**What this task involves:** Every line of the records below from the line with "Corrigindo injustiças históricas" up to and including the line with "ปฏิทินตั้งโต๊ะ ปี 2562" must be reproduced exactly, and no line outside that range.

**Data for processing:**
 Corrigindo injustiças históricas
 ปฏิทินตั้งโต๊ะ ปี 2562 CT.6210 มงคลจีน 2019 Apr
--
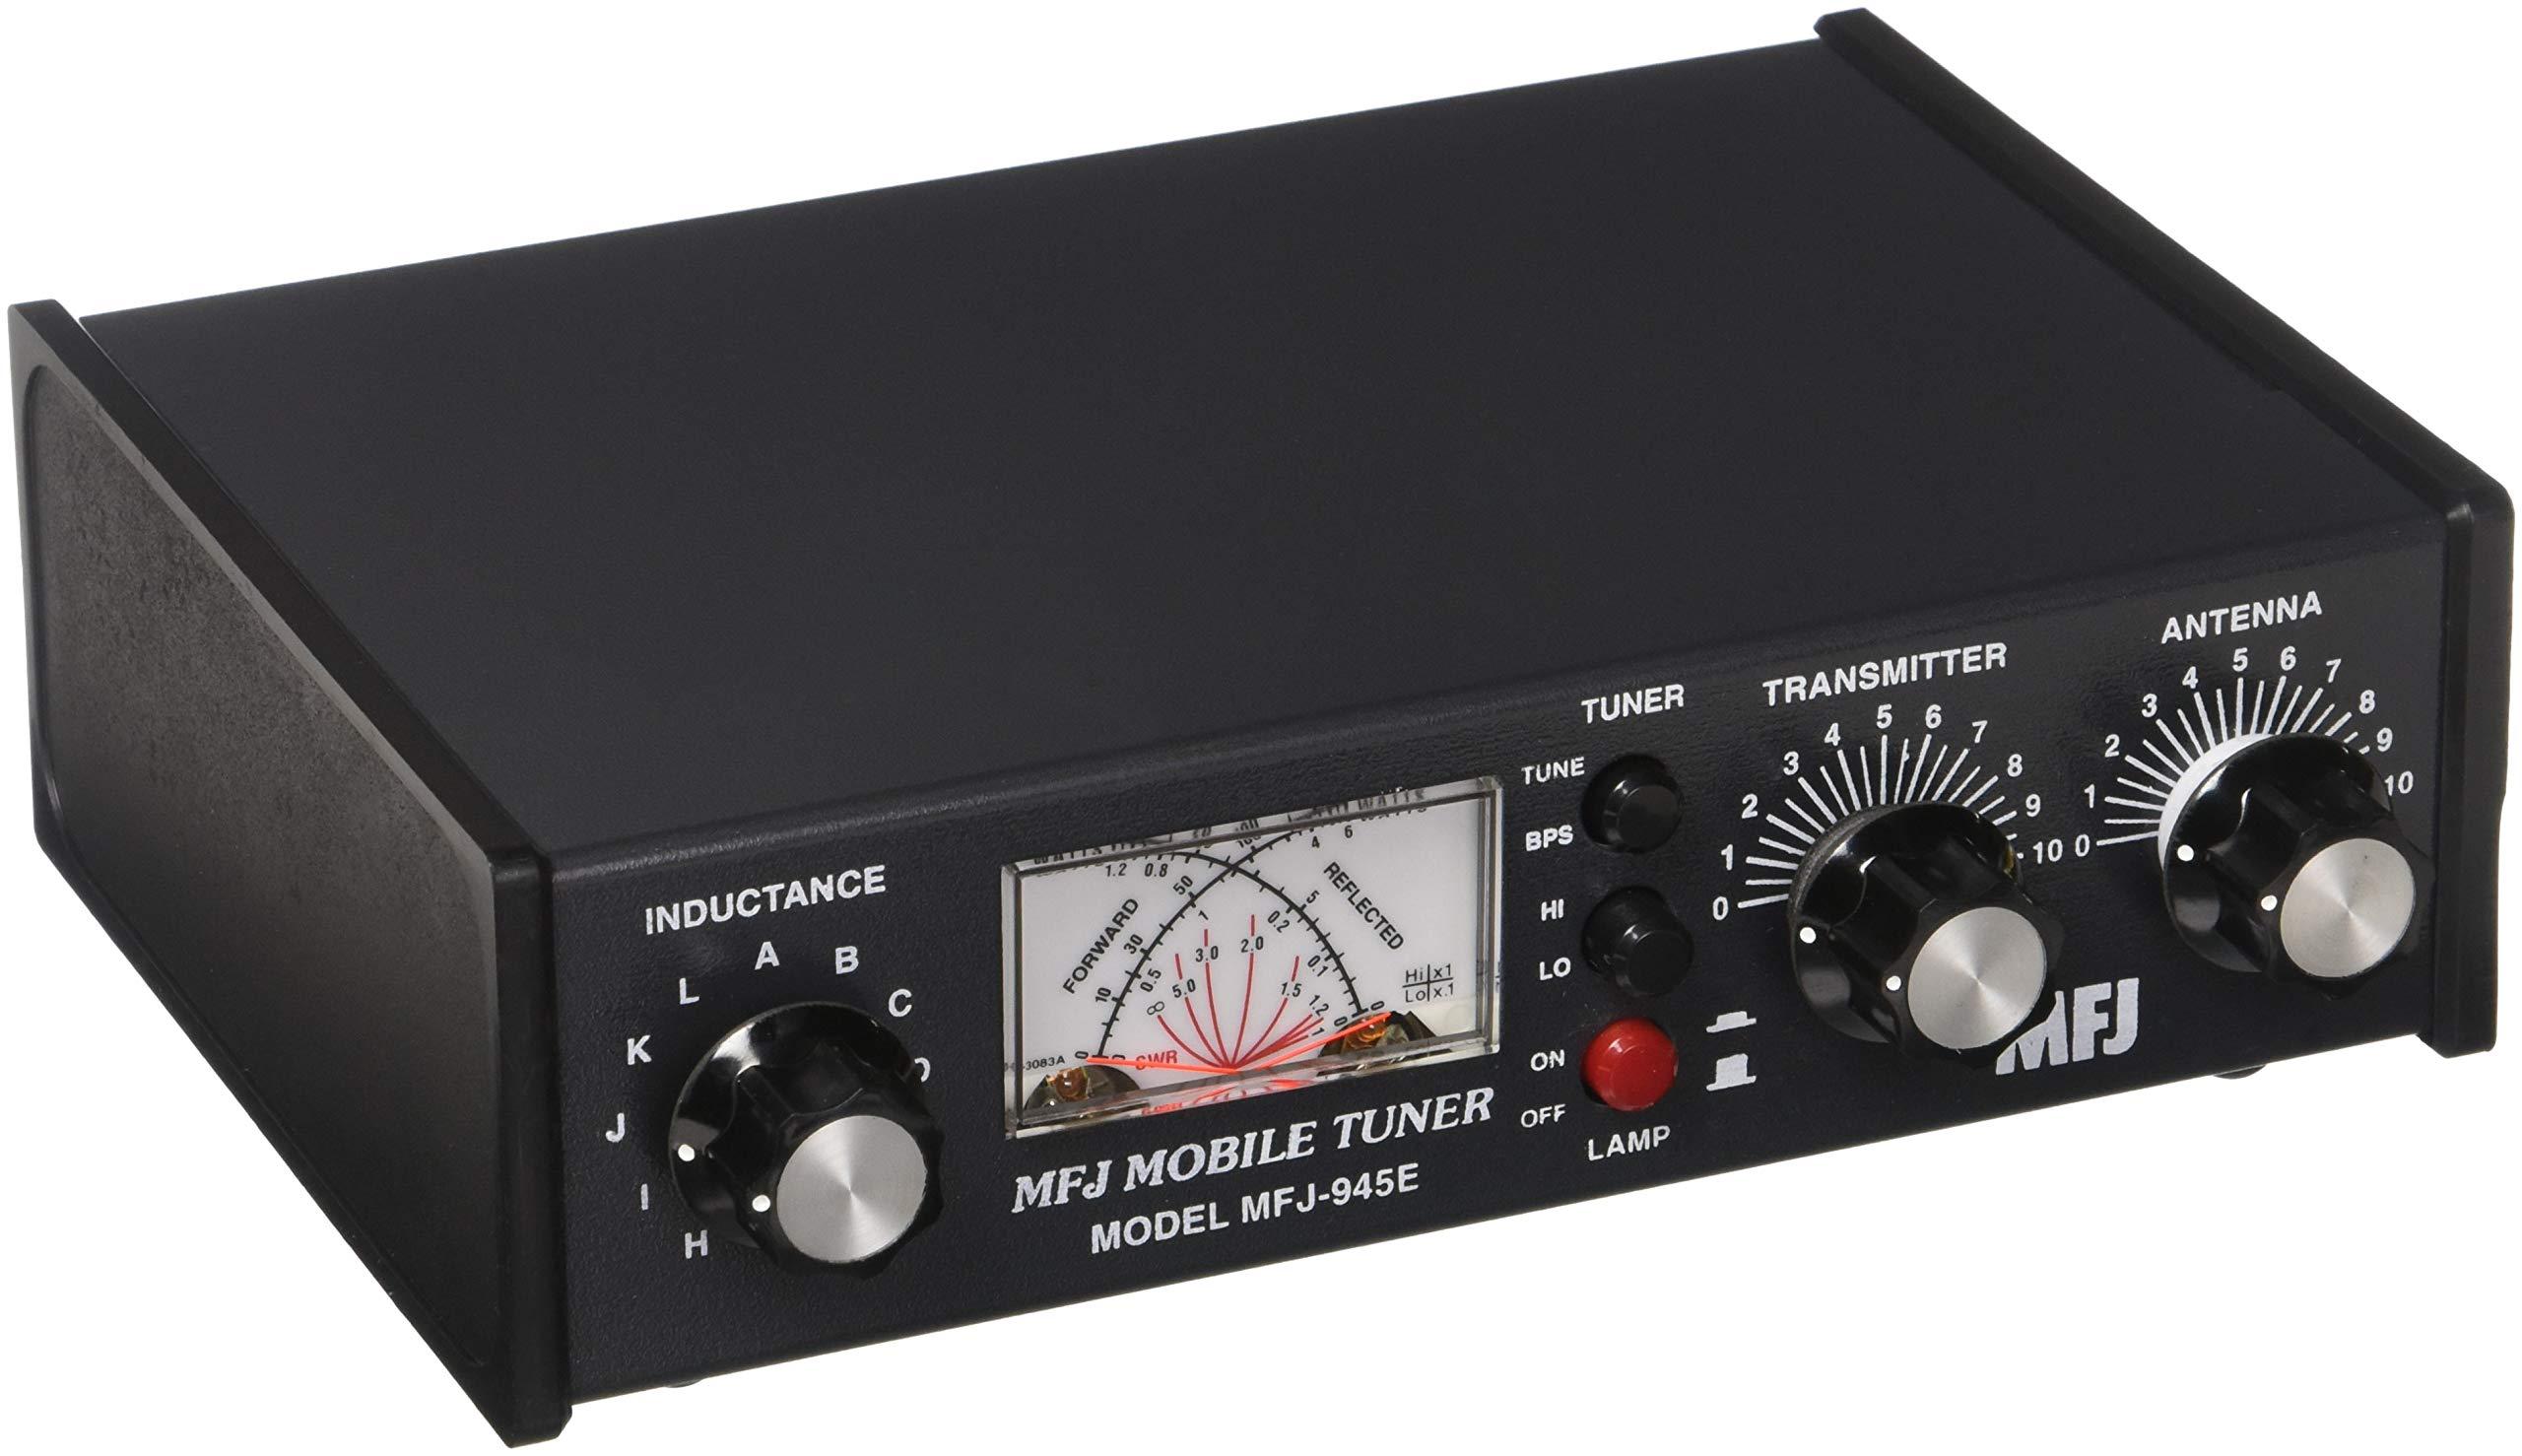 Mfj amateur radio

**Your response:**
 Corrigindo injustiças históricas
 ปฏิทินตั้งโต๊ะ ปี 2562 CT.6210 มงคลจีน 2019 Apr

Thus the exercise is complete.